On Thu, Feb 07, 2008 at 05:30:48PM -0800, Mingming Cao wrote:
> On Thu, 2008-02-07 at 18:25 +0530, Aneesh Kumar K.V wrote:
>
> > ext4: Don't panic in case of corrupt bitmap
> >
> > From: Aneesh Kumar K.V <[email protected]>
> >
> > Multiblock allocator was calling BUG_ON in many case if the free and used
> > blocks count obtained looking at the bitmap is different from what
> > the allocator internally accounted for. Use ext4_error in such case
> > and don't panic the system.
> >
>
> There seems a lot of BUG_ON() and BUG() in mballoc code, other than this
> case. Should it always panic the whole system in those cases? Perhaps
> replacing with ext4_error() or some cases just WARN_ON is enough.
>

I had looked at the BUG_ON in mballoc code and found them very useful
while stabilizing the mballoc code. It helped to catch wrong usage of
functions. Most of the BUG_ON are there to make sure we call the API
with the lock held or the API should not return value greater than 'x'
Should not call the function with a particular argument as NULL ...etc
kind of thing. So i would suggest to keep them as such.


-aneesh

2008-02-08 03:30:58

by Eric Sandeen

[permalink] [raw]
Subject: Re: BUG_ON at mballoc.c:3752

Aneesh Kumar K.V wrote:
> On Thu, Feb 07, 2008 at 05:30:48PM -0800, Mingming Cao wrote:
>> On Thu, 2008-02-07 at 18:25 +0530, Aneesh Kumar K.V wrote:
>>
>>> ext4: Don't panic in case of corrupt bitmap
>>>
>>> From: Aneesh Kumar K.V <[email protected]>
>>>
>>> Multiblock allocator was calling BUG_ON in many case if the free and used
>>> blocks count obtained looking at the bitmap is different from what
>>> the allocator internally accounted for. Use ext4_error in such case
>>> and don't panic the system.
>>>
>> There seems a lot of BUG_ON() and BUG() in mballoc code, other than this
>> case. Should it always panic the whole system in those cases? Perhaps
>> replacing with ext4_error() or some cases just WARN_ON is enough.
>>
>
> I had looked at the BUG_ON in mballoc code and found them very useful
> while stabilizing the mballoc code. It helped to catch wrong usage of
> functions. Most of the BUG_ON are there to make sure we call the API
> with the lock held or the API should not return value greater than 'x'
> Should not call the function with a particular argument as NULL ...etc
> kind of thing. So i would suggest to keep them as such.

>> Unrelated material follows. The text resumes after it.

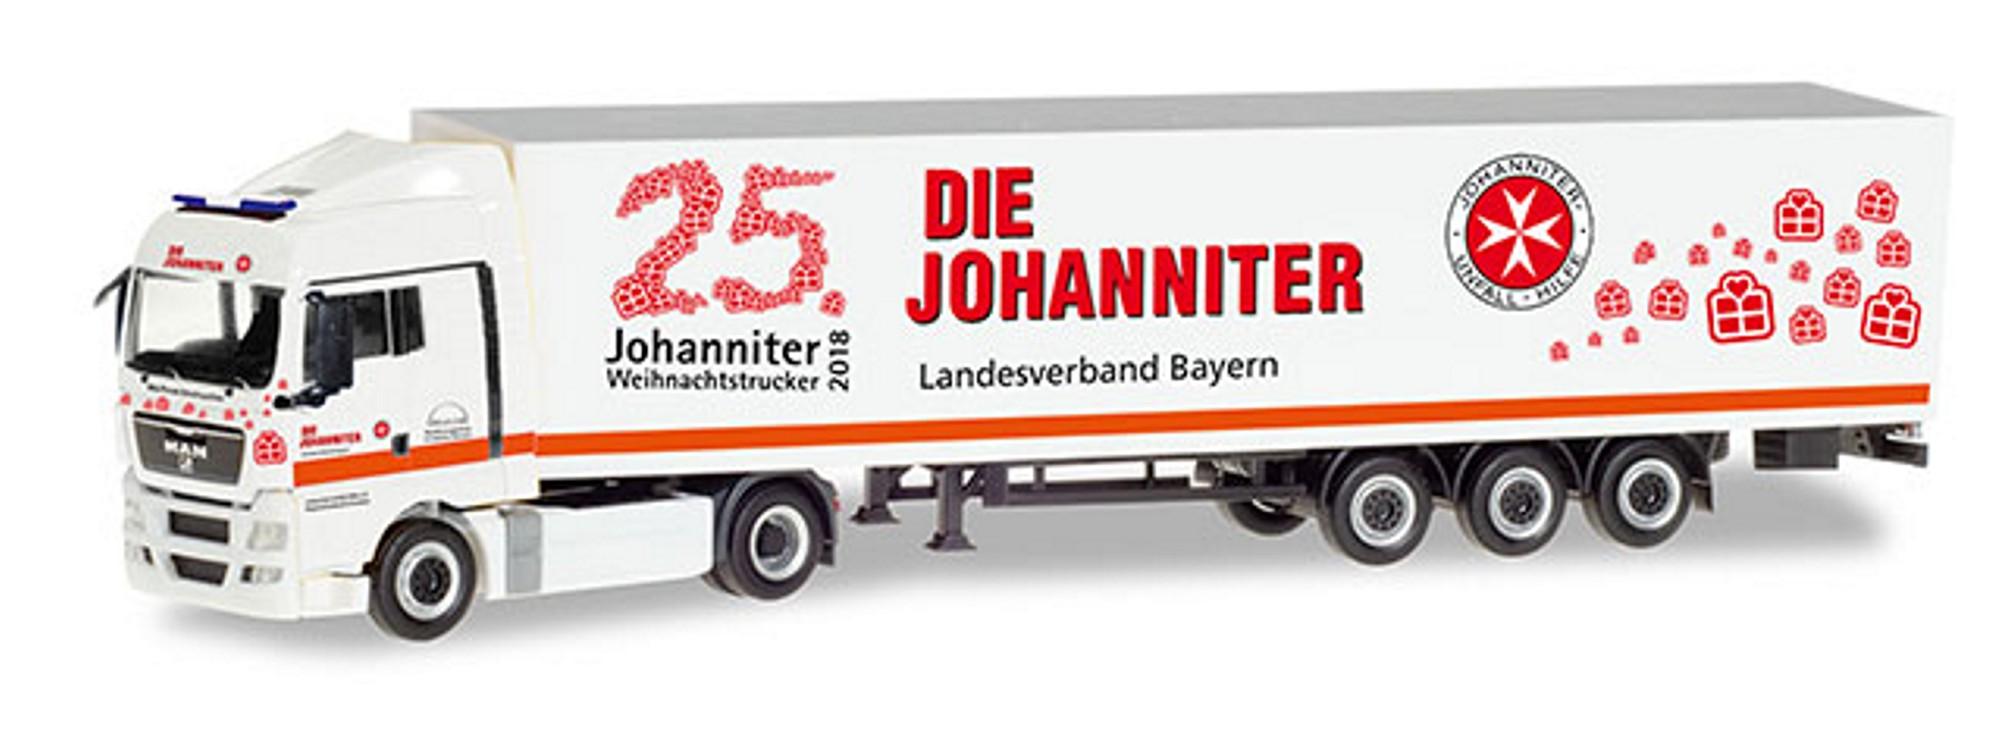 Herpa 309851 Man Tgx Xlx Koffersattelzug Johanniter Bayern
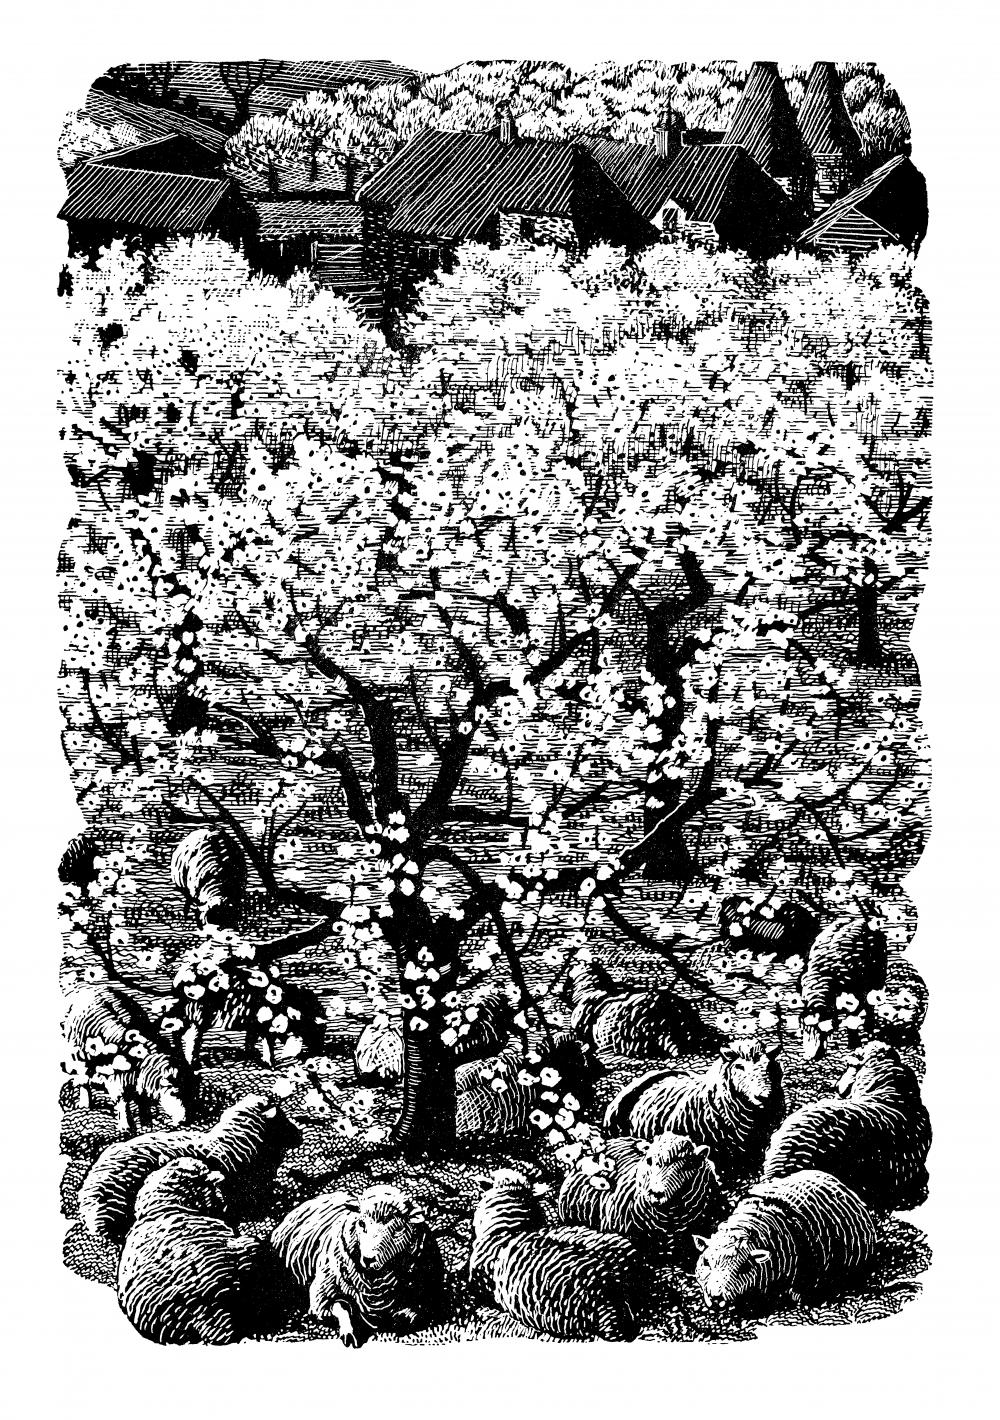 C F Tunnicliffe - The Cherry Tree

Yep - as long as the BUG_ONs are for programming errors, and not things
like memory allocation failures or corrupted disks, I think it's ok.
Not that I've audited them all. :)

I asked about this early on, and got that answer... I'm reasonably
satisfied with it.

-Eric

2008-02-08 13:47:22

by Eric Sesterhenn

[permalink] [raw]
Subject: Re: BUG_ON at mballoc.c:3752

* Aneesh Kumar K.V ([email protected]) wrote:
> On Wed, Feb 06, 2008 at 03:59:48PM -0600, Dave Kleikamp wrote:
> >
> > File systems should not call BUG() due to a corrupt file system.
> > Instead the code should fail the operation, possibly marking the file
> > system read-only (or panicking) depending on the errors= mount option.
> >
>
> Eric Sandeen explained me the same on IRC. I was busy with the migrate
> locking bug. That's why i didn't update here. Today i tried to reproduce
> the problem using the image provided. But in my case it is not hitting
> the BUG_ON (mostly due to single cpu). I did look at the code and am not
> still not clear how we can hit that BUG_ON. prealloc free space pa_free is
> generated out of bitmap. So only if something corrupted bitmap after we
> initialized prealloc space we will hit this case. In mballoc we error out
> if the block allocated or fall in system zone. One thing i noticed is,
> the journal is corrupt. So the only possibility that i have is journal write
> resulted in bitmap corruption.
>
> I also looked at the mballoc to make sure we don't panic in case of a
> corrupt bitmap. Below is the patch that i have now. This one is yet to
> go through the ABAT test but it would be nice to see whether the below
> change cause any other issues.
>
> Eric ,
> can you run the test with below patch and see if this makes any
> difference ?. I know we are not fixing any bugs in the below patch.

hi,

so far i am not able to reproduce this on 2.6.24-08039-g488b5ec neither
with the
ext4-fix-null-pointer-deref-in-journal_wait_on_commit_record.patch nor
without it. I will try 2.6.24-05749-g8af03e7 with the patch and your
change later today.

Greetings, Eric

2008-02-08 15:07:06

by Eric Sesterhenn

[permalink] [raw]
Subject: Re: BUG_ON at mballoc.c:3752

> Eric ,
> can you run the test with below patch and see if this makes any
> difference ?. I know we are not fixing any bugs in the below patch.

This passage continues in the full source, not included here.